My daughter took half a day from work. She curled up with a migraine and threw up for a few hours in her darkened bedroom. And then she got up. She went back to work caring for the thirteen other women in her sober home.

If there is a eulogy I hope it foregoes words of peace and instead honors the struggle. An exhausting struggle that can only be endured with ridiculous amounts of love. And even then, many don’t make it. It’s hard to find peace in that.

Surrender

Twelve years. It’s taken me twelve long years to move the word “surrender” from the abstract idea column to the action column. Surrender has become an action, rather than the absence of action. It has moved columns because I have learned it is, by far, the hardest thing to do.

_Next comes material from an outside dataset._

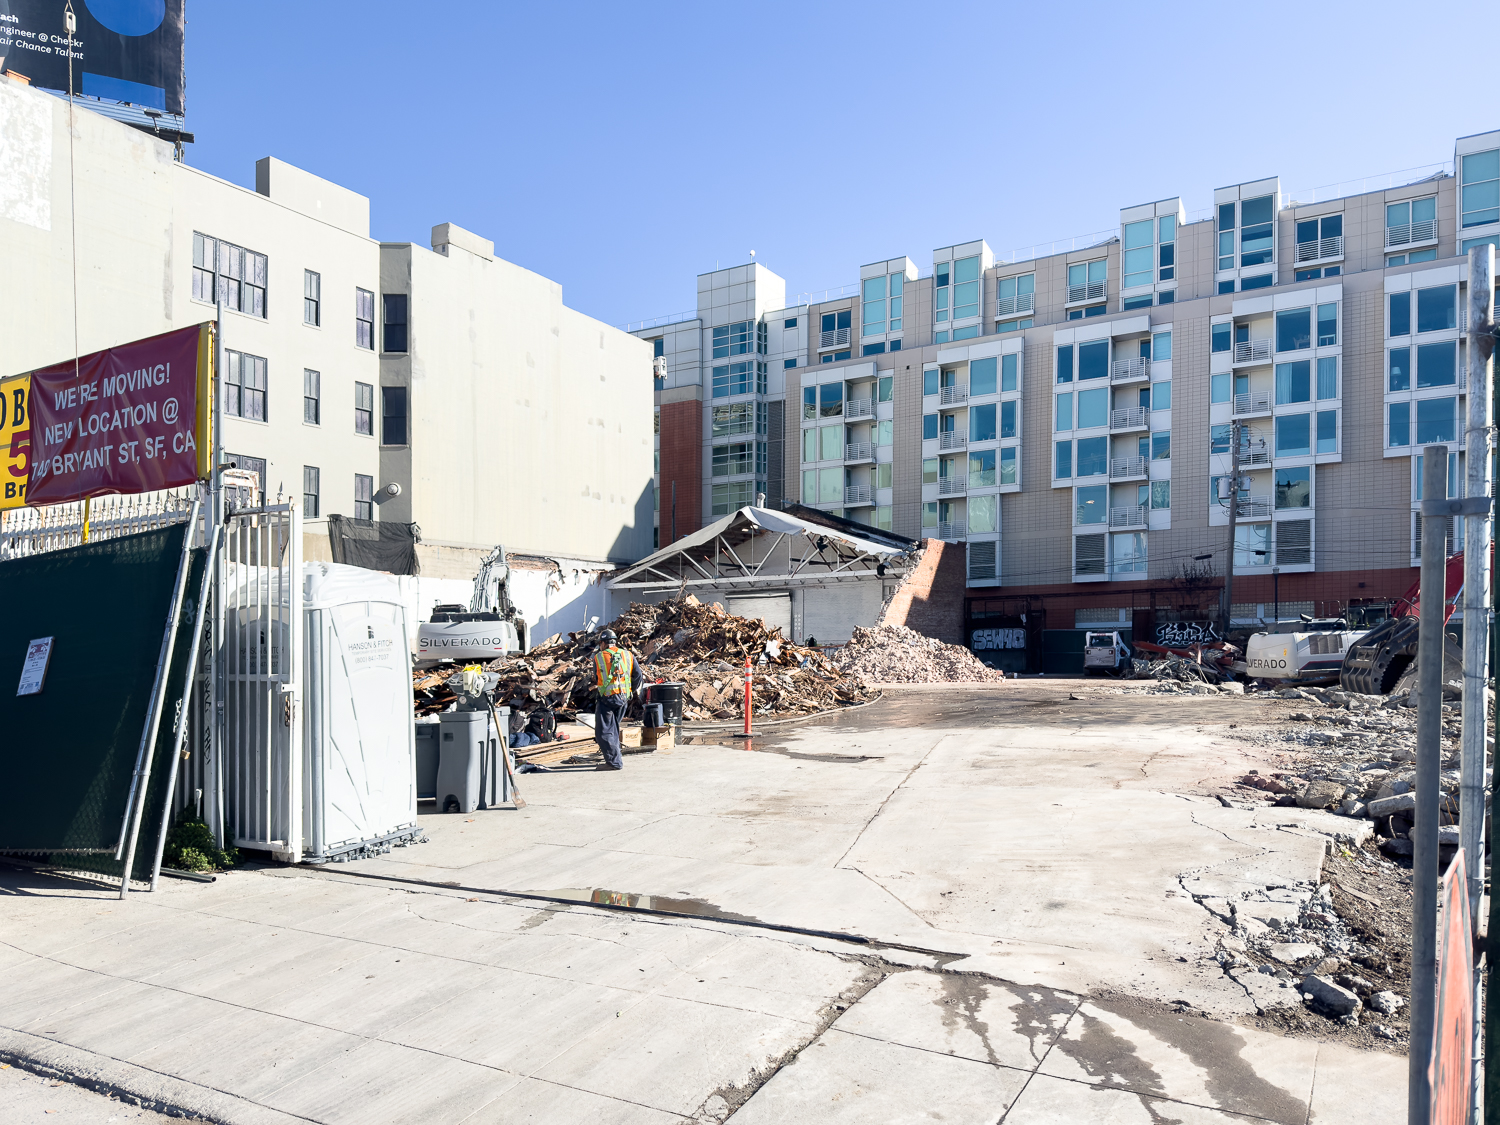 Demolition nearly complete for the single-story brick structure at 555 Bryant Street, image by author

I have had some success with raising the white flag. I no longer have any preconceived notion of catching a thrown ball or successfully geolocating my way home from, basically, anywhere. But surrendering to the fact that I can not stop my own child from illegal drug use – that is heart-smashingly difficult. But reality keeps reminding me. I can not stop her from calling her drug dealer when she is overly anxious. I can not stop her from spending all of her savings, and neglecting car payments, rent, insurance and credit card bills – leaving her penniless (and sometimes homeless) time and time again. I can’t stop her from choosing to smoke crack because her sublocade shot prevents an opiate high. I can’t stop her from laying in bed for days on end after buying designer benzodiazepines from dark web shopping malls. I can not stop her from slowly – or quickly – killing herself. I want to stop her. There is nothing more that I want to stop.

Surrendering is not a new concept in the world of addiction. It’s literally step one of the Big Book. To move forward an addict must admit they are “powerless over drugs and alcohol.” This sort of surrendering is not just word play. It requires deeply accepting the insanity of their situation: admitting years wasted trying to manage, control, deny or ignore the disease. It’s the hardest, most essential, step.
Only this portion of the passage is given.